Metadata-Version: 2.4
Name: tierkv
Version: 0.1.0
Summary: 3-tier distributed KV cache for LLM inference — preserve evicted KV across cluster nodes
Project-URL: Homepage, https://github.com/tierkv/tierkv
Project-URL: Bug Tracker, https://github.com/tierkv/tierkv/issues
License: MIT
License-File: LICENSE
Keywords: distributed,exo,inference,kv-cache,llm,vllm
Classifier: Development Status :: 4 - Beta
Classifier: Intended Audience :: Developers
Classifier: Operating System :: MacOS
Classifier: Operating System :: POSIX :: Linux
Classifier: Programming Language :: Python :: 3
Classifier: Programming Language :: Rust
Classifier: Topic :: Scientific/Engineering :: Artificial Intelligence
Requires-Python: >=3.9
Requires-Dist: grpcio-tools>=1.64
Requires-Dist: grpcio>=1.64
Requires-Dist: numpy>=1.26
Requires-Dist: rich>=15.0.0
Requires-Dist: tierkv-core
Provides-Extra: all
Requires-Dist: httpx>=0.27; extra == 'all'
Requires-Dist: openai>=2.33.0; extra == 'all'
Requires-Dist: vllm>=0.8; extra == 'all'
Provides-Extra: exo
Requires-Dist: httpx>=0.27; extra == 'exo'
Requires-Dist: openai>=2.33.0; extra == 'exo'
Provides-Extra: vllm
Requires-Dist: vllm>=0.8; extra == 'vllm'
Description-Content-Type: text/markdown

# tierkv

[![Build Wheels](https://github.com/tierkv/tierkv/actions/workflows/wheels.yml/badge.svg)](https://github.com/tierkv/tierkv/actions/workflows/wheels.yml)

**3-tier distributed KV cache for LLM inference.**

When your GPU evicts a KV cache entry, tierkv ships it to another machine over gRPC instead of dropping it.
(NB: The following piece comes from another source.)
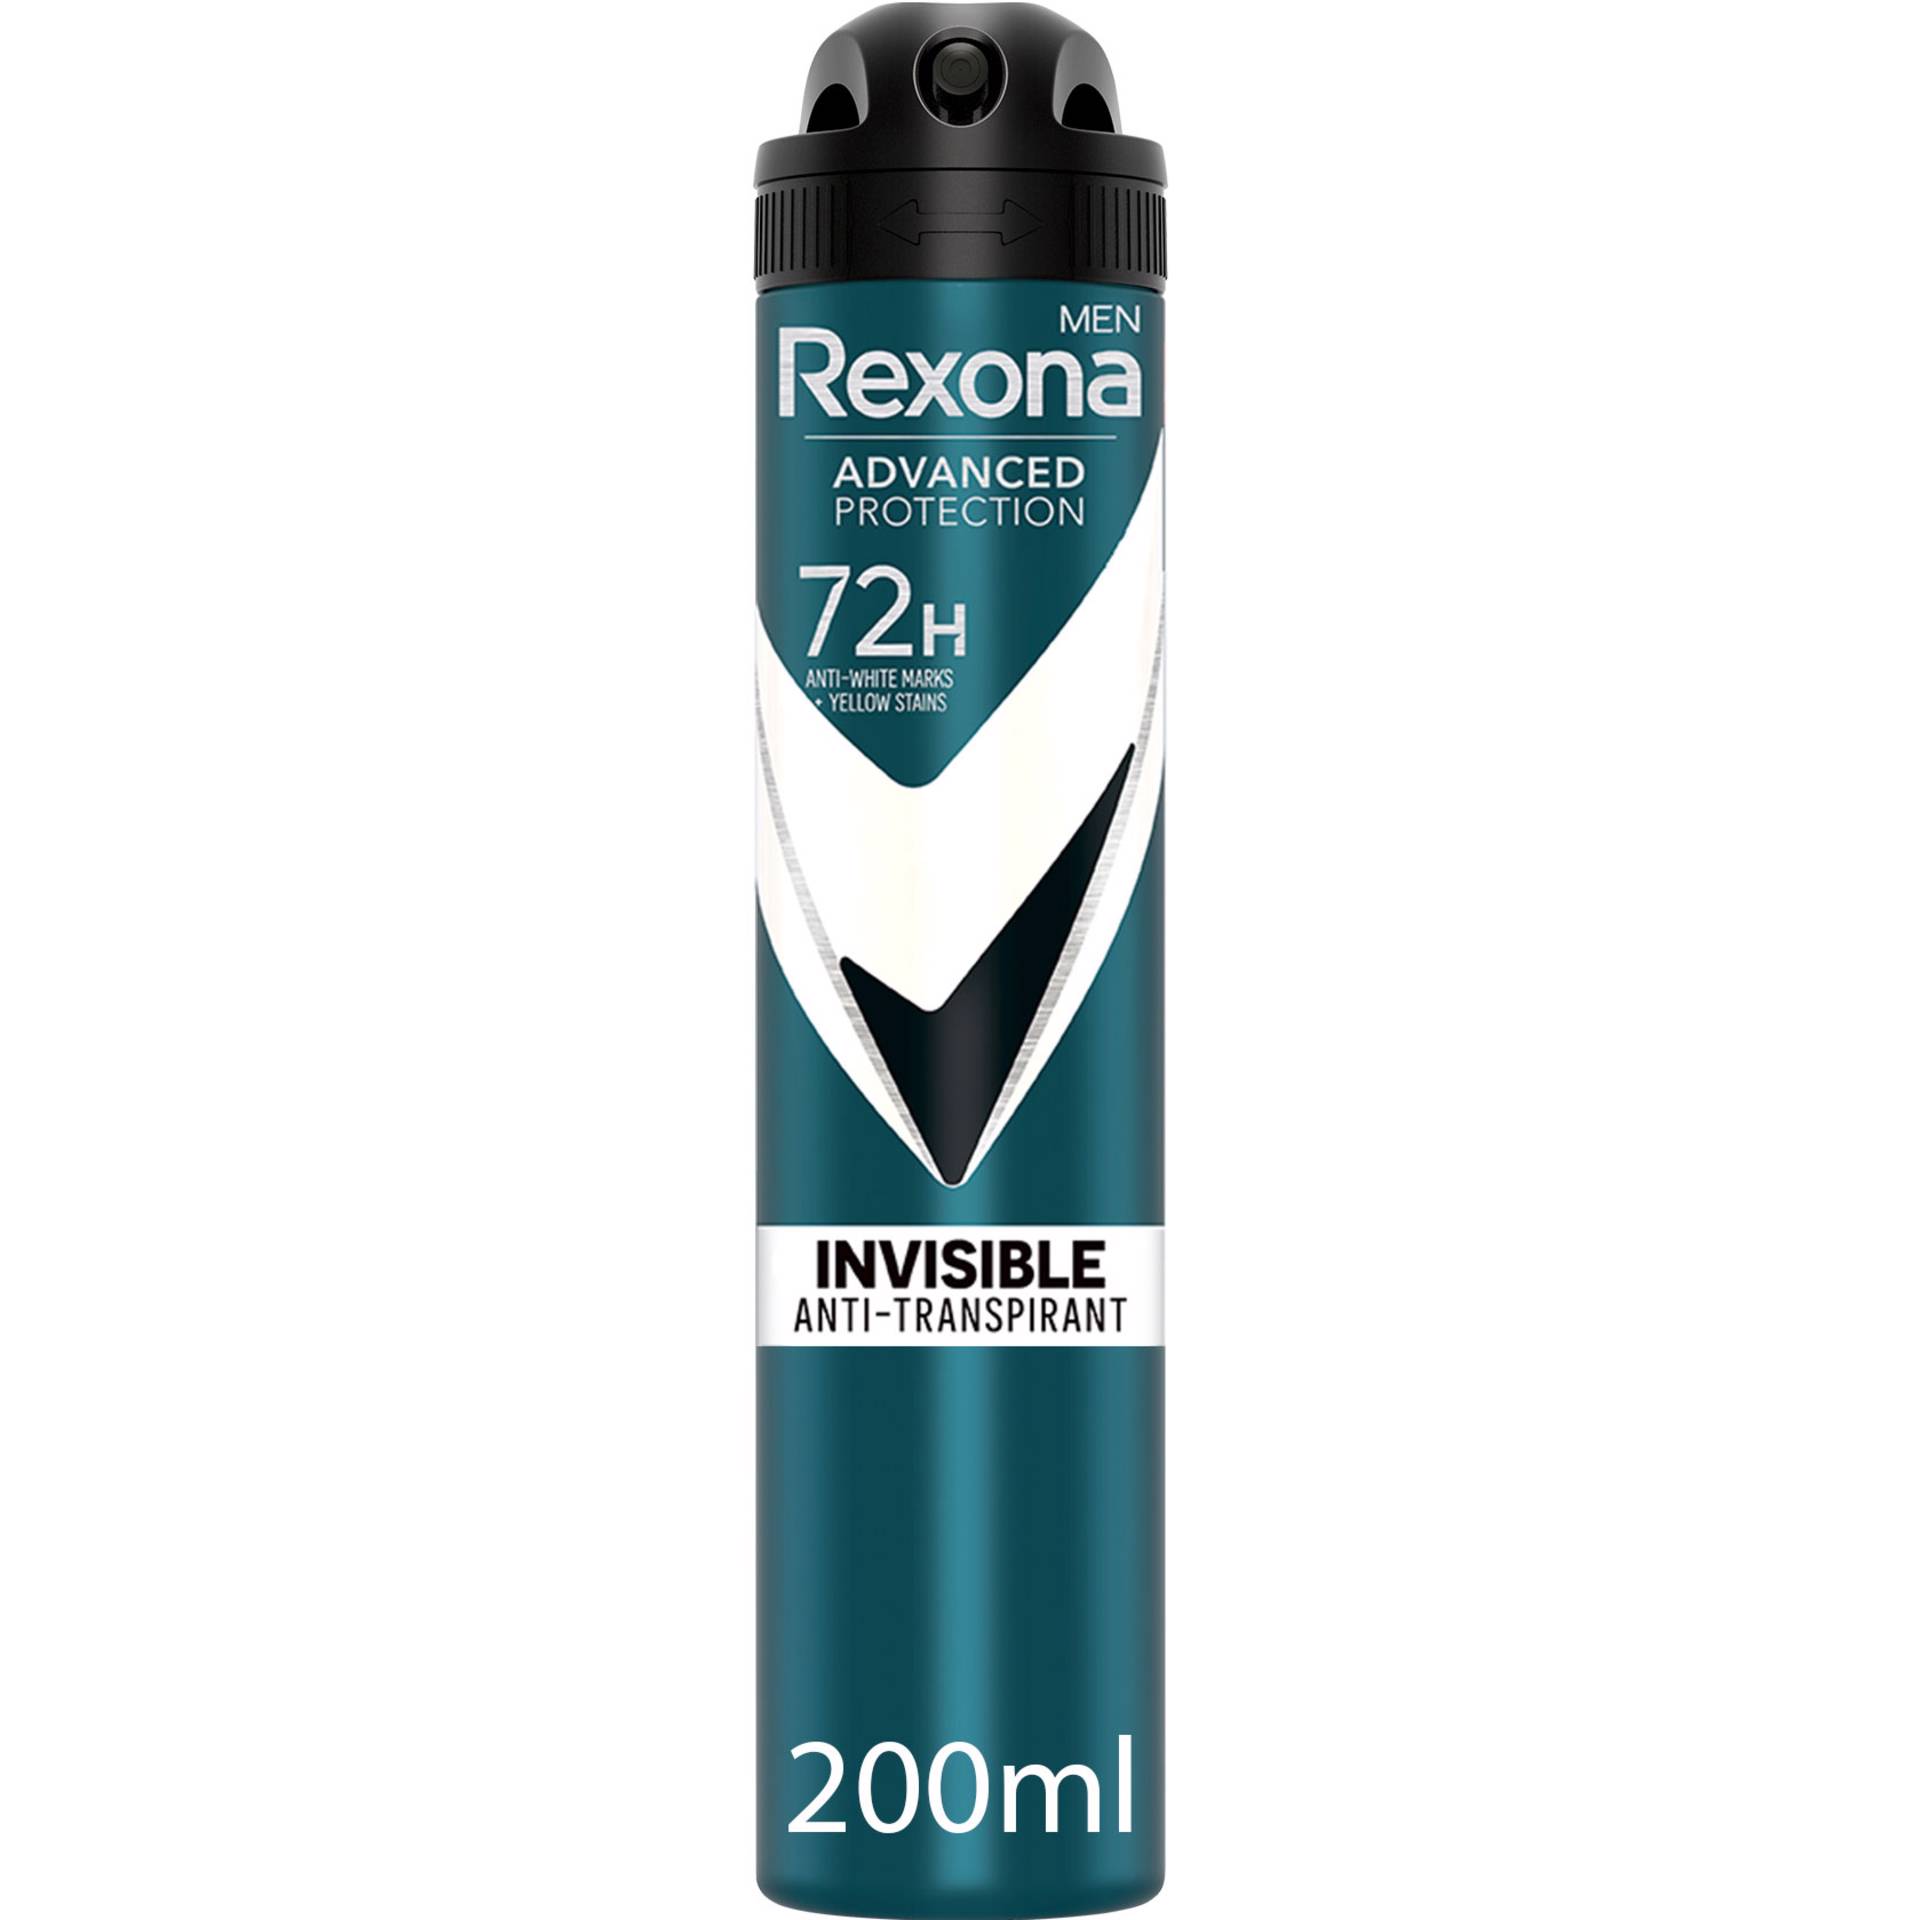 Desodorizante Spray Invisible Black & White Clothes 48H - emb. 150 ml -  Rexona

On the next request with the same prompt, the KV is fetched back in a single batch call — skipping the expensive prefill entirely.

Tested on Qwen3.6-35B-A3B across a DGX GB10 + Mac Pro + Mac Air cluster:

**EXO integration** (BF16, 8k–15k token prompts):

| Scenario | TTFT | vs Cold |
|---|---|---|
| Cold start, 8,000-token prompt | 30.83s | baseline |
| Restored from cold tier | 4.11s | **7.3× faster** |
| Cold start, 3,707-token prompt | 23.78s | baseline |
| Restored from cold tier | 4.59s | **5.2× faster** |

**vLLM integration** (Apple FY2025 10-K, GB10 GPU, real-world document Q&A):

| Prompt size | Cold prefill | GPU cache hit | Cold restore | Speedup |
|---|---|---|---|---|
| 30k tokens (measured) | 10.75s | 1.19s | **0.52s** | **20×** |
| 60k tokens (projected) | ~26s | ~1.2s | ~1.0s | ~26× |
| 128k tokens (projected) | ~70s | ~1.5s | ~2.0s | ~35× |

Cold vault restore beats GPU cache hit — blocks land directly into the KV cache skipping attention recomputation entirely. The speedup grows with context length because prefill scales super-linearly while restore is near-linear (network transfer). Answer quality is bit-for-bit identical across all three paths.

---

## How It Works

tierkv supports two inference backends. The cold-storage layer (vault servers, gRPC, TurboQuant) is identical in both cases.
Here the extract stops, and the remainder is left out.